# Anyone else have an incorrect acceptance rate?



## Justin H (Sep 24, 2014)

Lyft was not very busy saturday night and i accepted every single one of my requests. Today it shows that i only accepted 50% of my rides? Something is screwy...


----------



## Uberdawg (Oct 23, 2014)

At least you can get an acceptance rate, even if it is wrong. I have no clue what my acceptance rate is on Uber.


----------



## RustleWimson (Aug 7, 2014)

cancels now impact your accept rate. Perhaps this has something to do with it? I'd shoot them an email


----------



## billybengal (Sep 26, 2014)

Over past 3 weeks my app froze 3 times when getting pings. Each time my acceptance rate went down. Uber replied "don't worry about it". Are they trying to get rid off some drivers? **** I'm gonna worry about it cause this can get my ass fired and I got no other income.


----------



## Sacto Burbs (Dec 28, 2014)

I missed a Lyft ping tonight seconds after a fast cancel.
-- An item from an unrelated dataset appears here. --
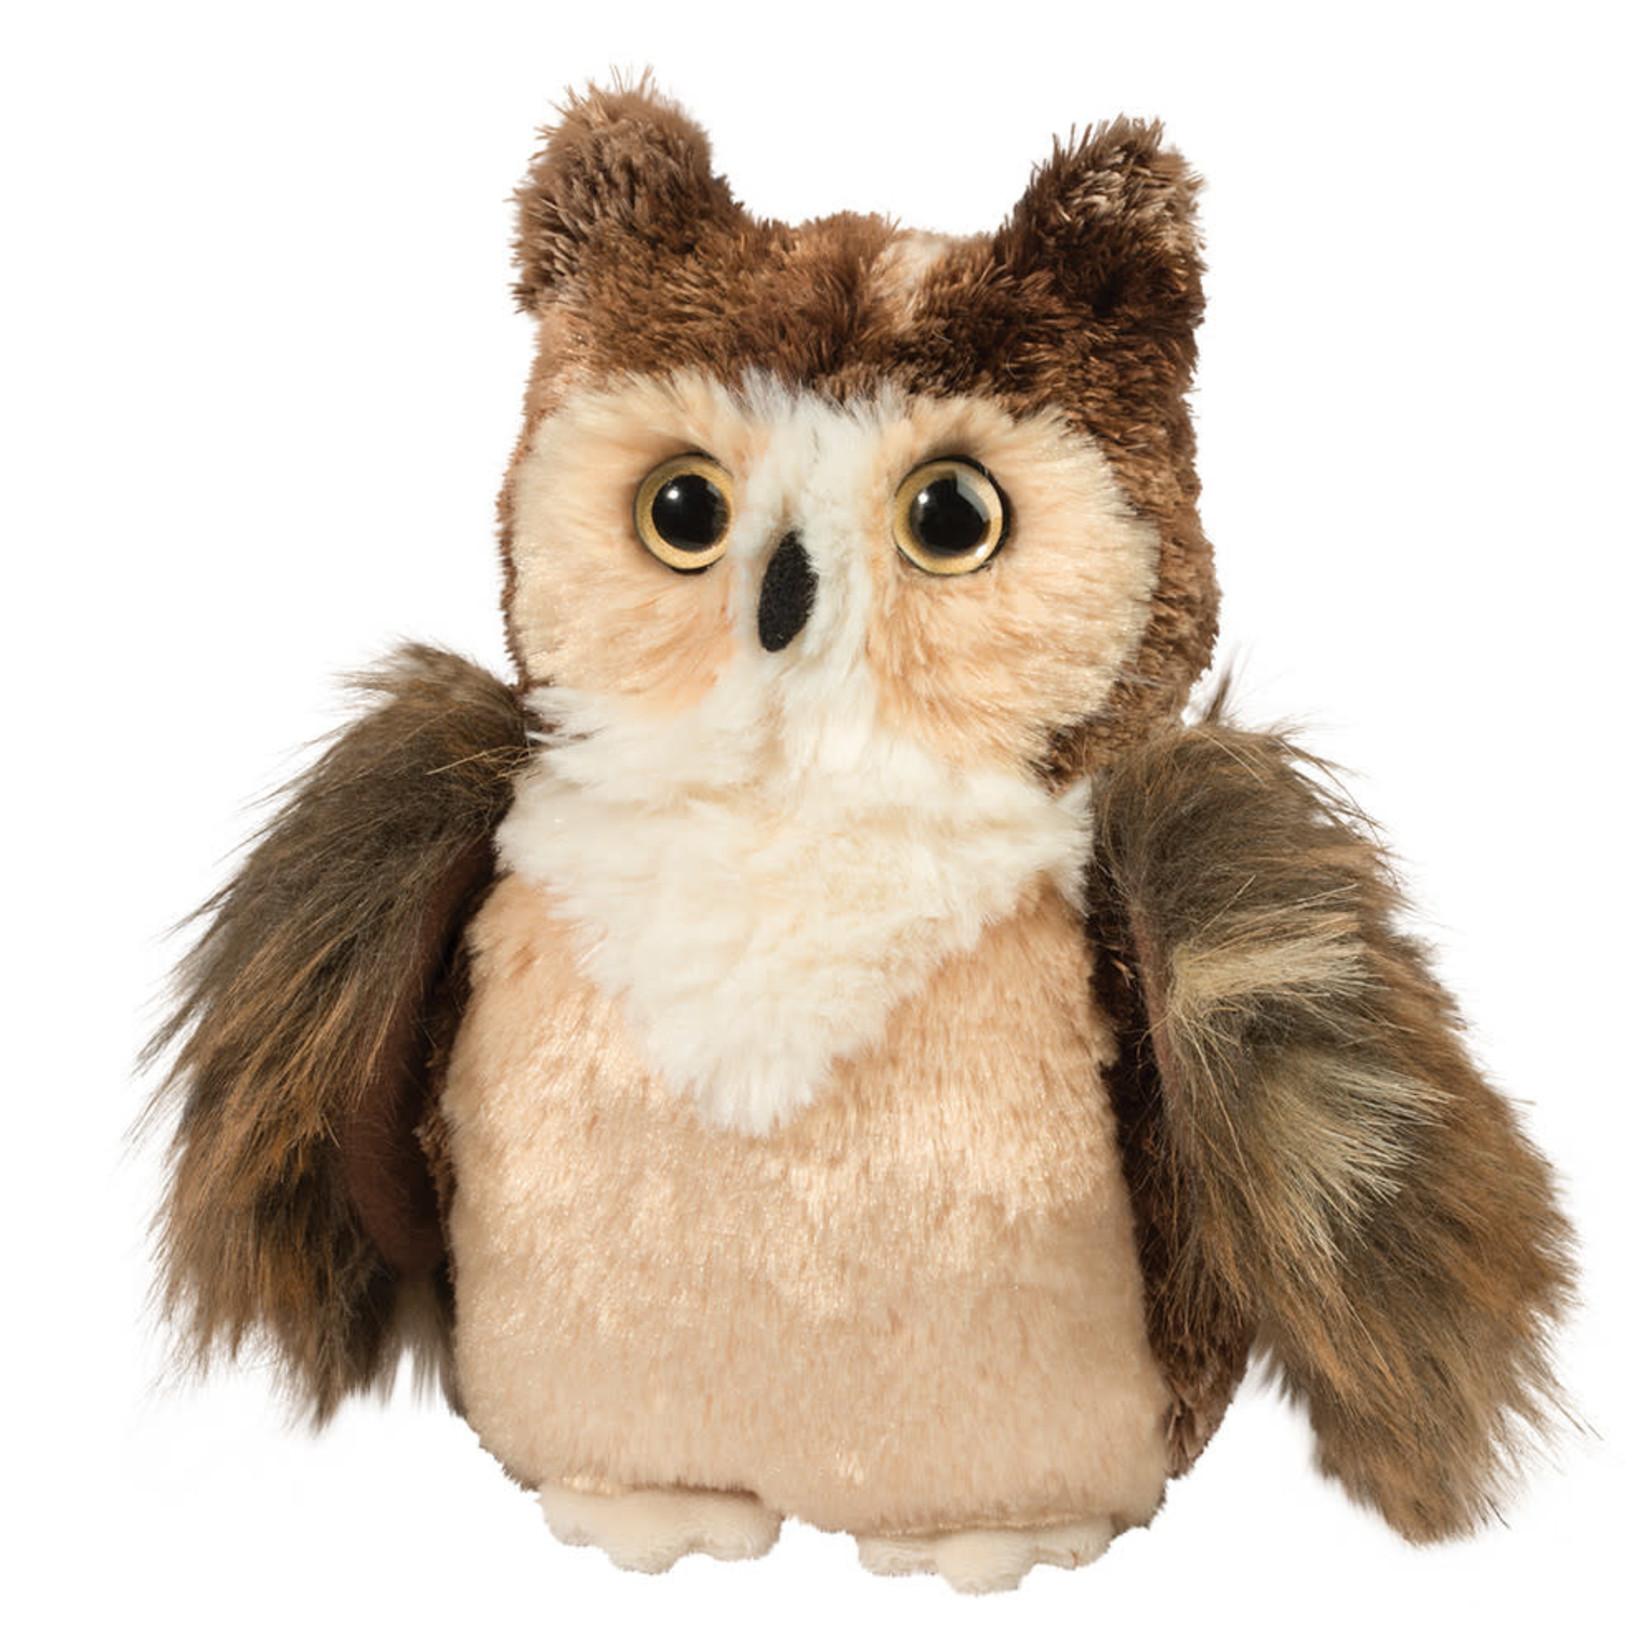 Douglas Rucker Owl - Small

I Never saw it.


----------



## NickNolte (Dec 12, 2014)

I've had a sub 80% acceptance rate on Uber for the last weeks which is absurd. Im going to file a complaint with the California labor board because uber is pulling something with the acceptance rates so they don't have to pay the minimum guarantees.


----------



## DudeUber (Jan 9, 2017)

I have yet to not accept a ride or cancel and my acceptance rate for Uber just keeps dropping. Two times I tapped it on ping and it said accepting and then it disappeared. Support just says don't worry but this reflects on my work ethic. App says 96% online it's 91%. This is bull.


----------



## Trump Economics (Jul 29, 2015)

Justin H said:


> Lyft was not very busy saturday night and i accepted every single one of my requests. Today it shows that i only accepted 50% of my rides? Something is screwy...


Yea, Lyft.


----------



## Coolrider101nk (Jun 21, 2016)

I did a support ticket to verify mine last week. The app is showing no show and customer cancellations against the acceptance. 

If your worried about bonuses, look on the dashboard on the bonus criteria, they are going off that.


----------